Eskiden BMC kamyonları vardı arada bir cıızzt diye boşaltma yapardı. Dindarlık adına insanlara sürekli yükleme yapıyoruz, her tarafı da tıkıyoruz, o haram, bu günah, şu yanlış… Öyle olunca da birikiyor birikiyor ve normal tahliye borularından atması gereken şey (o her neyse) patlama noktasına geliyor ve sıyırtmalara sebebiyet veriyor. Ondan sonra da artık boşa sarmalar.
Evet günahlarımız olabiliyor, ama bu günahlar bizim hayatımızı karartacak şekilde önümüzü kesmemeli, hayat bir şekilde devam edebilmeli. Tevbe kapısı niye var ki! Rol model olarak önümüzde Âdem babamız da var; ayağımız kaydı düştük. Olabilir.
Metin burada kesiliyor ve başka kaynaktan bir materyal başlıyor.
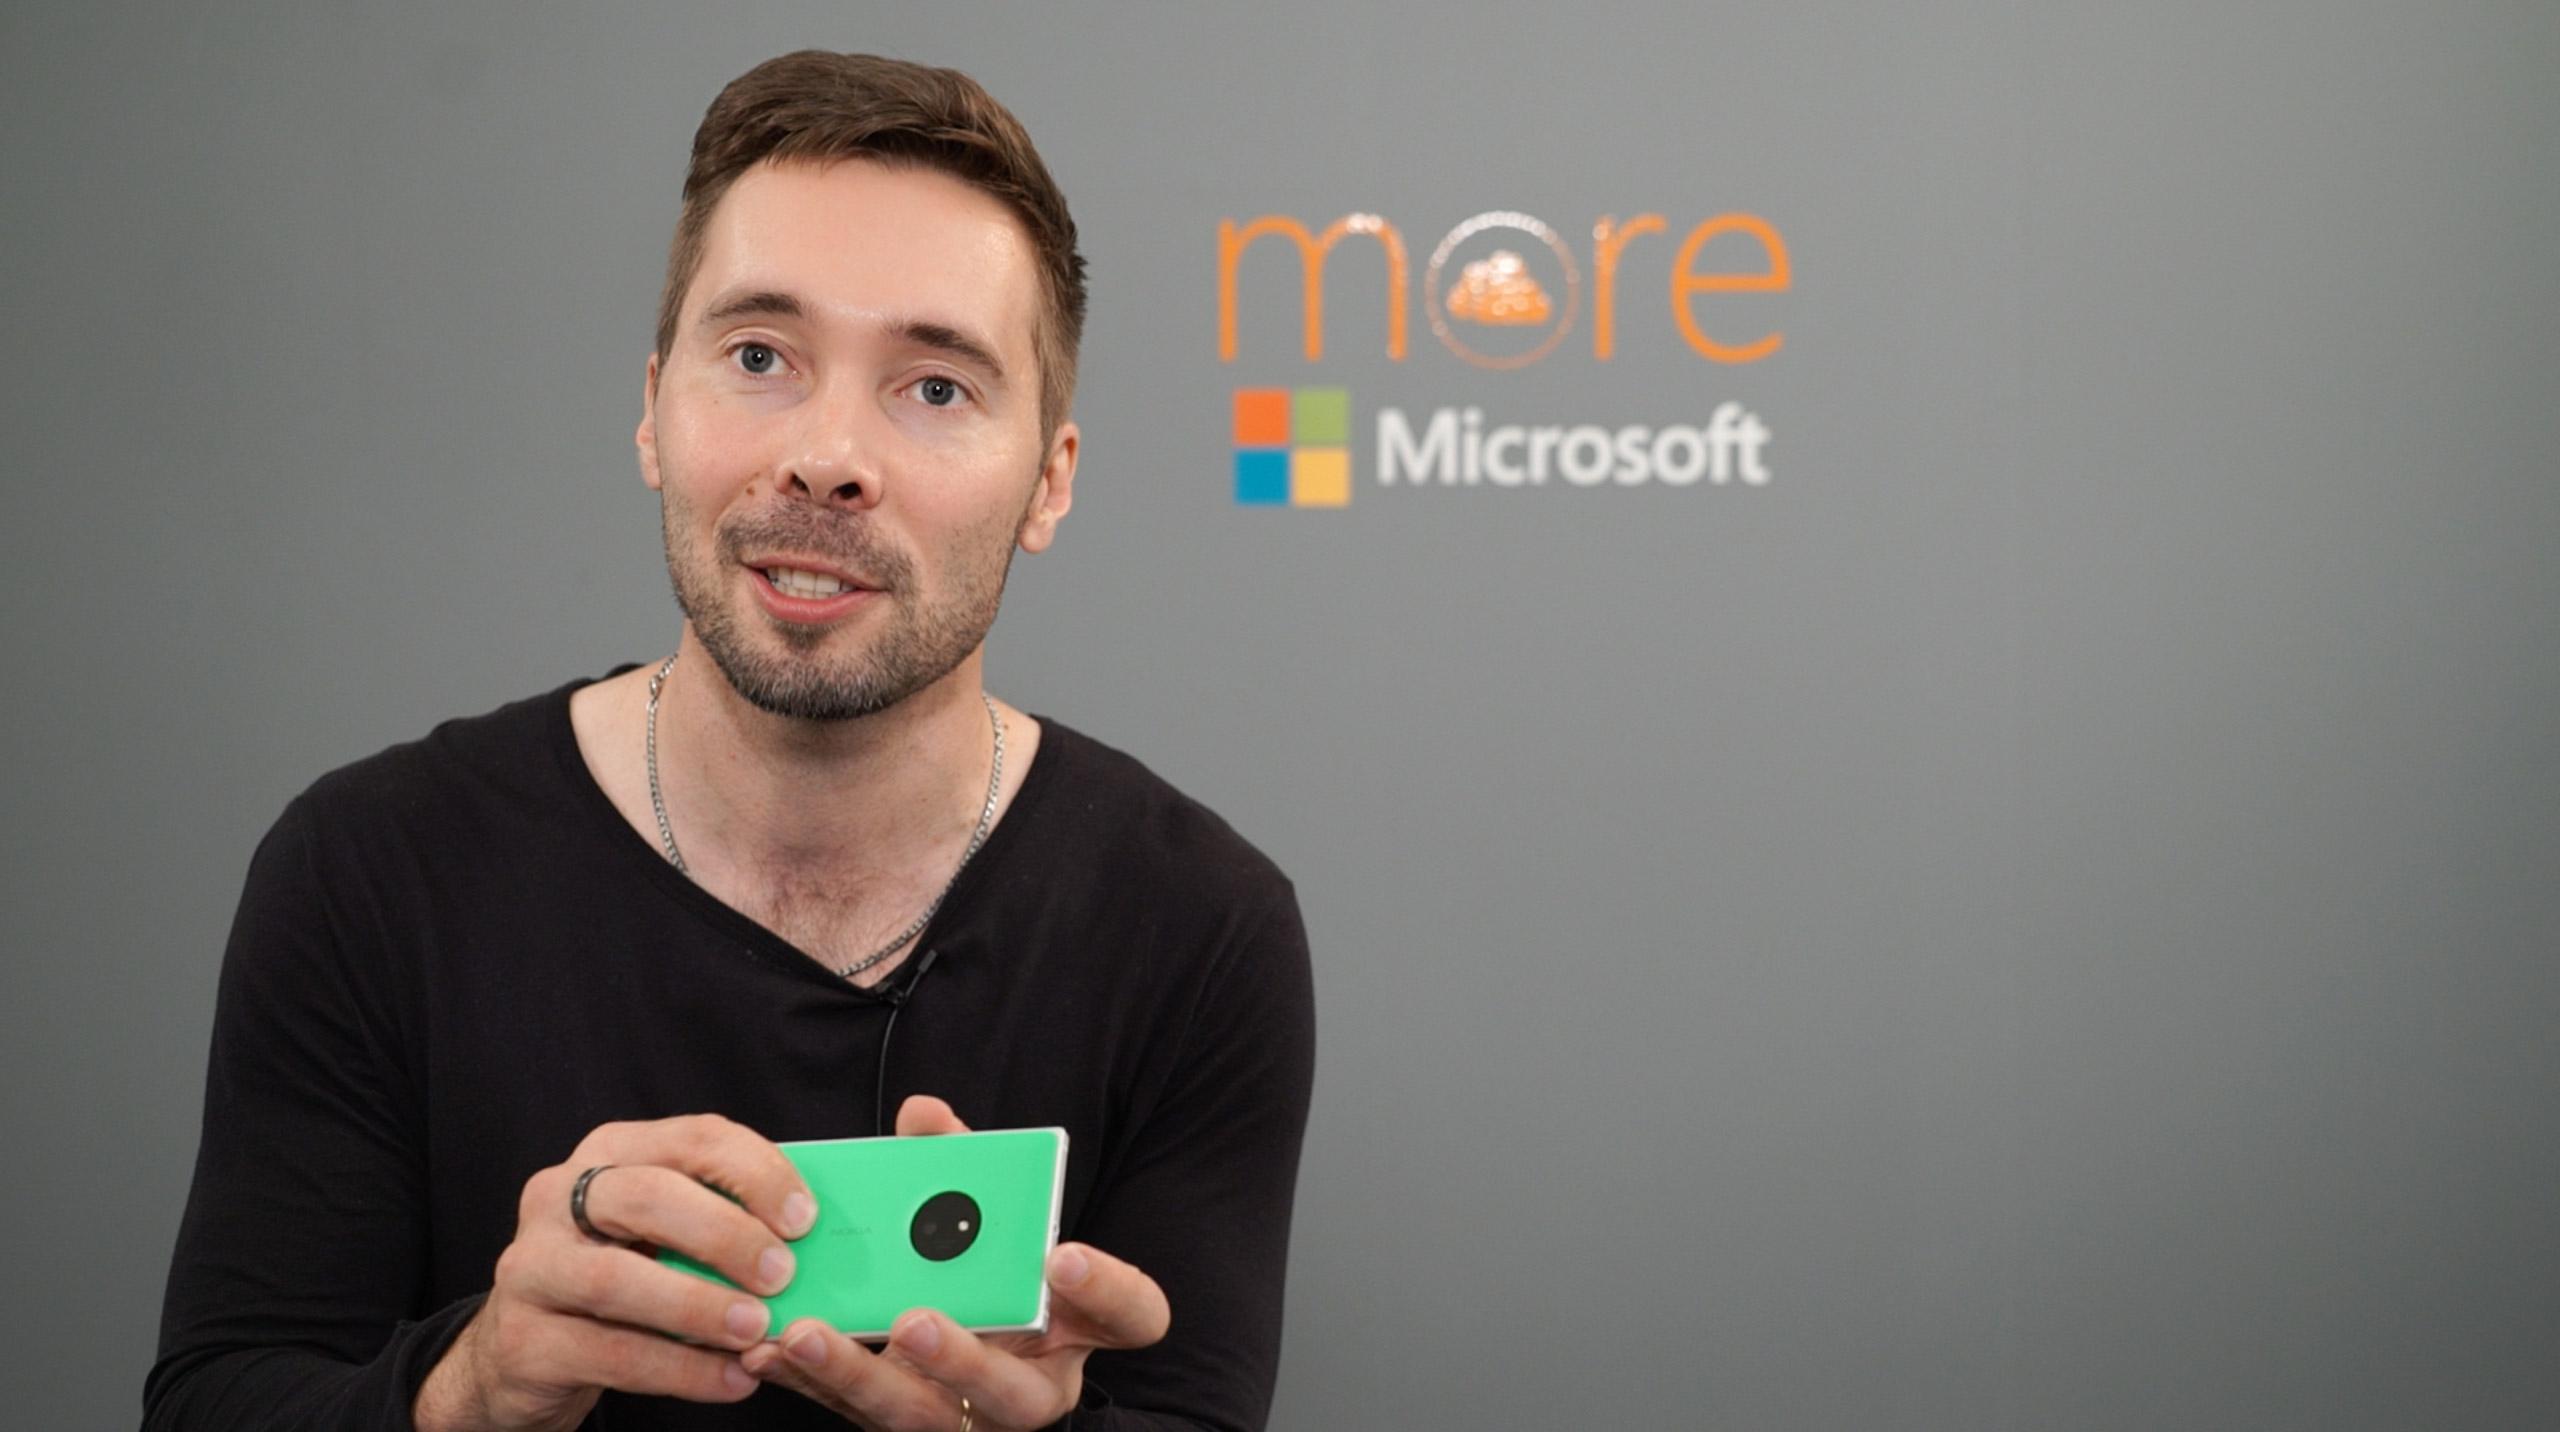 Juha Alakarhu - Microsoft Nokia Lumia

Ama bir kez düştük diye düştüğümüz çukurda sonuna kadar debelenmenin bir anlamı da yok. Ayağa kalkmak ve yolumuza devam etmek zorundayız.
Ey din adına inanları irşad edenler! Sizin yanlış irşadlarınız yüzünden birçok kimsenin neler çektiğini ve çekmekte olduğunu ve çekebileceğini de hesaba katmak zorundasınız.
Bu da bir vebaldir.
Sunduğumuz dindarlık yüzünden pek çok kimse dinden tümüyle soğuyabilmekte ve hâşâ Allah’ı bile inkâr noktasına kadar gidebilmektedir.
Bunları da bilelim.
Dua ile!
30.01.2014

GARİBCE

Hiç yorum yok:

Yorum Gönder

Related Posts Plugin for WordPress, Blogger...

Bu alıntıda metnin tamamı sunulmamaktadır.